Rajneesh did not suffer from "hypochodria," as Mr. Milne suggested.  Rajneesh had a very real neurological disease, probably inherited, which he mistook for frequent viral infections.  Rajneesh became unusually afraid of germs only due to his understandable medical ignorance.  I fully agree with Mr. Milne that Rajneesh suffered from "megalomania," however, and will add that Rajneesh had a Napoleonic, obsessive and compulsive personality.

Hugh Milne's book records an occasion when Rajneesh admitted, while under the influence of nitrous oxide, that there is no such thing as 'enlightenment.'  I cannot confirm this event through other contacts, but I assume if true Rajneesh was simply stating what U.G. Krishnamurti has said all along; that the storybook fiction we accept of a perfect enlightenment, full of infallible wisdom, is a big lie.  A powerful and expansive cosmic state does exist in humans who achieve it, but the way this state is described by the religious establishment is an egocentric fiction, contrived by spiritual leaders to control the masses for their own personal gain.

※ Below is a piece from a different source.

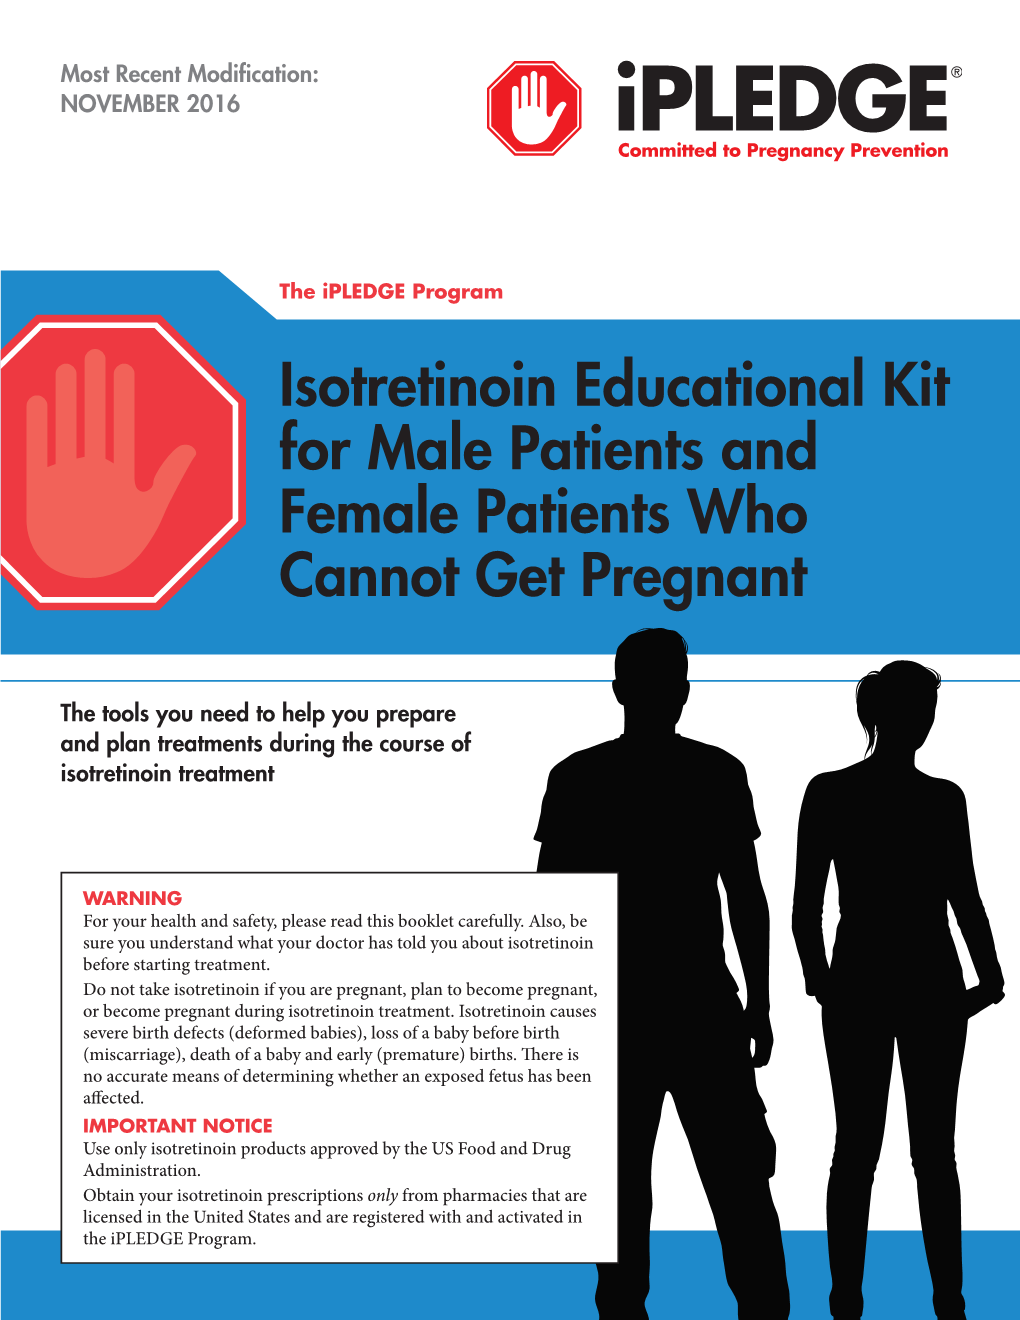 Isotretinoin Educational Kit for Male Patients and Female Patients Who Cannot Get Pregnant

"Power is the ultimate aphrodisiac."  Henry Kissinger

After leaving India in 1981, Rajneesh bought the 64,000 acre Big Muddy cattle ranch in eastern Oregon for six million dollars.  Rajneesh created his desert commune from his own powerful mind and named it "Rajneeshpuram."  He made himself the ultimate dictator, his picture placed everywhere as in an Orwellian bad dream.  J. Krishnamurti called Rajneesh a "criminal" and referred to Rajneeshpuram as "a concentration-camp under the dictatorship of enlightenment."  That totalitarian atmosphere was just one of the many reasons I did not stay at the commune beyond several brief visits.  I was interested in meditation, not in a big prison where human beings were treated like insects with no intelligence of their own.  Rajneesh put such a high emphasis on his disciples following orders without question that they did just that when Ma Anand Sheela, Rajneesh's personal secretary, gave absurd orders to commit crimes which Rajneesh himself (hopefully) would have never approved of.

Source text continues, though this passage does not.